For the record, your problem probably isn't with Linux, but the fact that you just happened to be unlucky enough to be stuck with a video card from a vendor that probably couldn't write a coherent cross-platform "hello world!" program.

Stay away from ATI. Avoid it like the plague; even Intel cards work better in Linux than those things   :Evil or Very Mad: 

Now then, if we're going to get that card to work, we'll need the xorg logs (found in /var/log/Xorg.0.log) from the open source driver (try this one first) and the proprietary one.

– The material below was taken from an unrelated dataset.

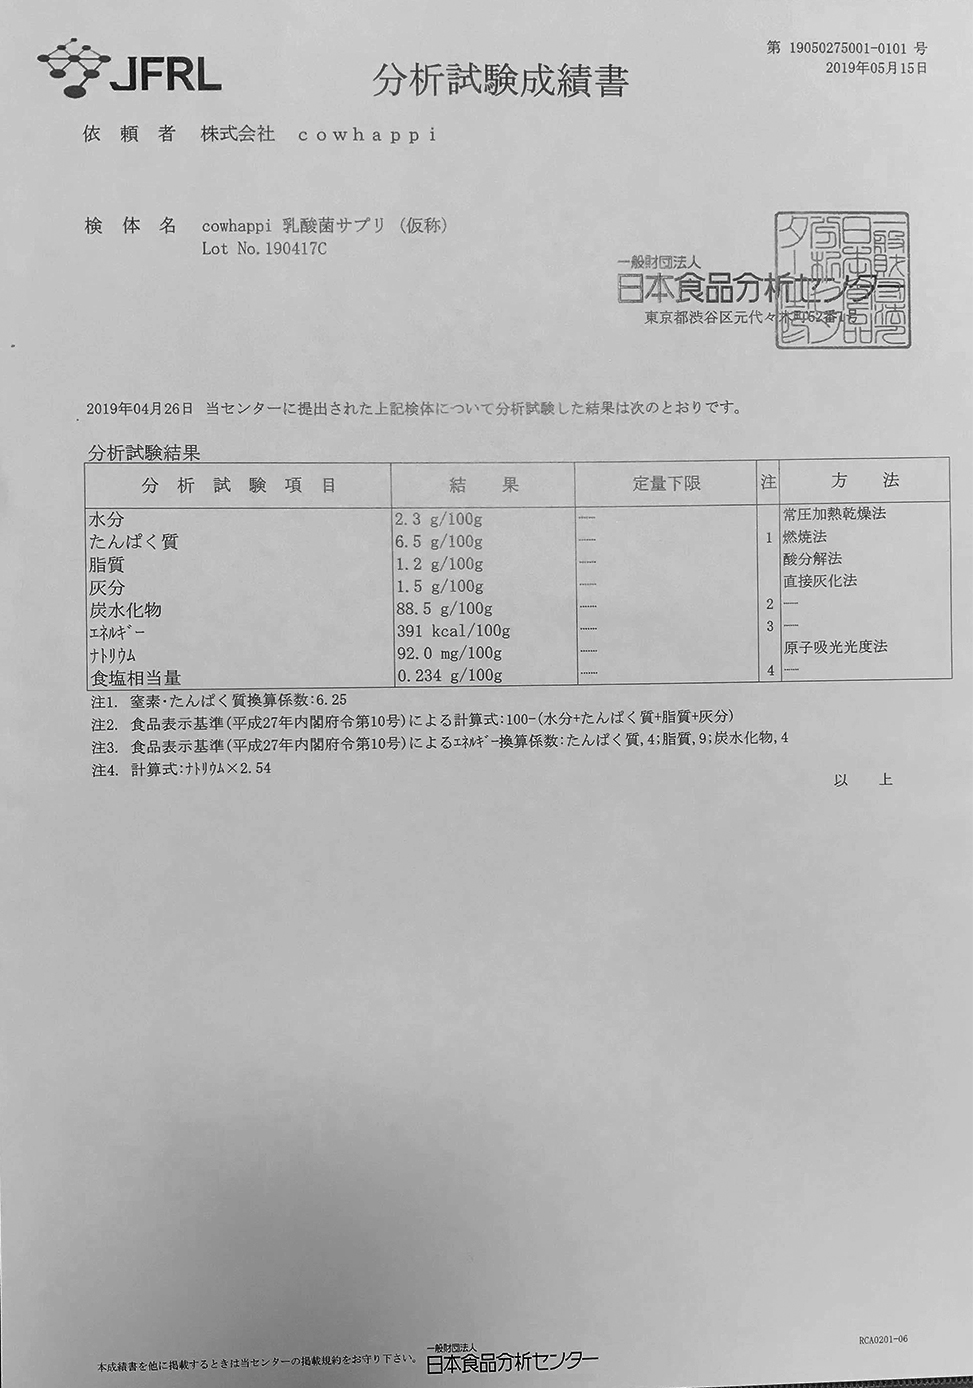 マルチ乳酸菌Prime 日本食品分析センターで成分分析した「分析試験成績書」公開
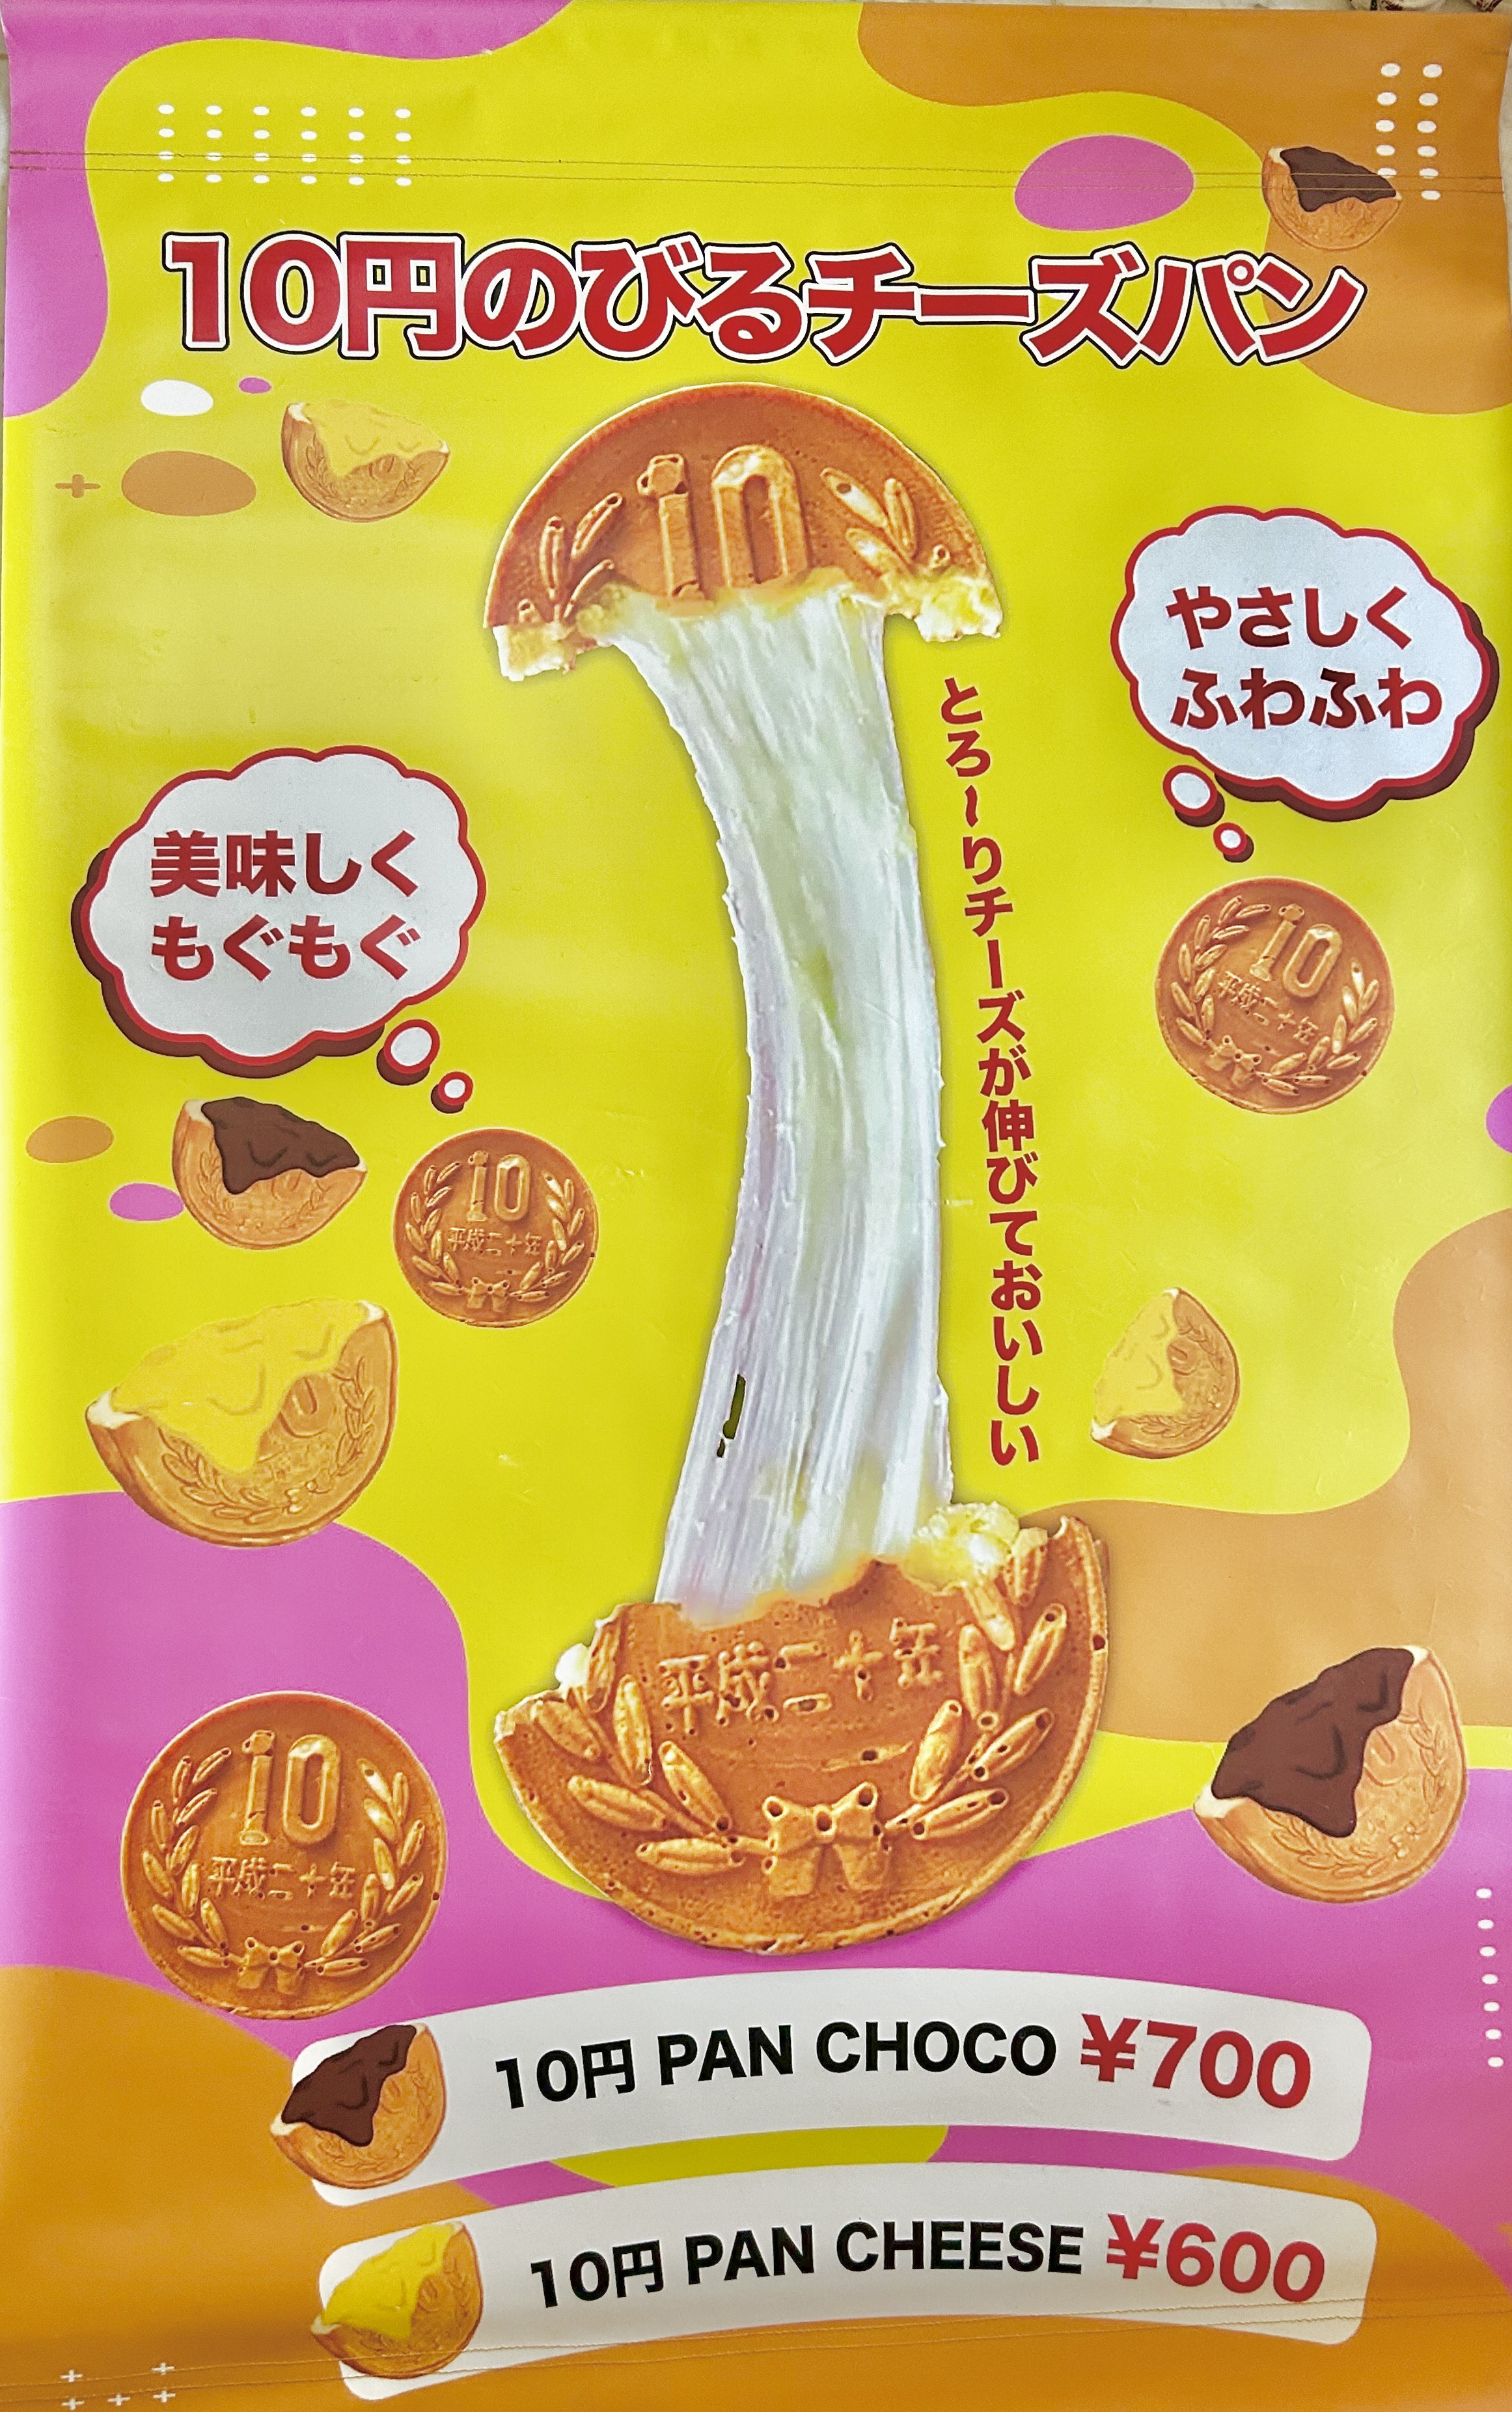 スイーツ部門の大人気商品10円パン

To get the logs, change to the open source driver, start X and logout. Then, copy and paste the log somewhere (it might not fit completely on the board, so try putting it on pastebin.com or something) and give us a link to it.

----------

## fartgeyser

Yeah, well, unfortunately I can't do anything about the ATI chip in there, since it's integrated. My video card burned out on my Linux desktop, and I replaced that with an nVidia, after reading about its phenominal support on Linux. I got direct rendering working fine on it, and it runs Call of Duty better than this Windows laptop did.

To start, here's my Xorg.0.log from the radeon boot.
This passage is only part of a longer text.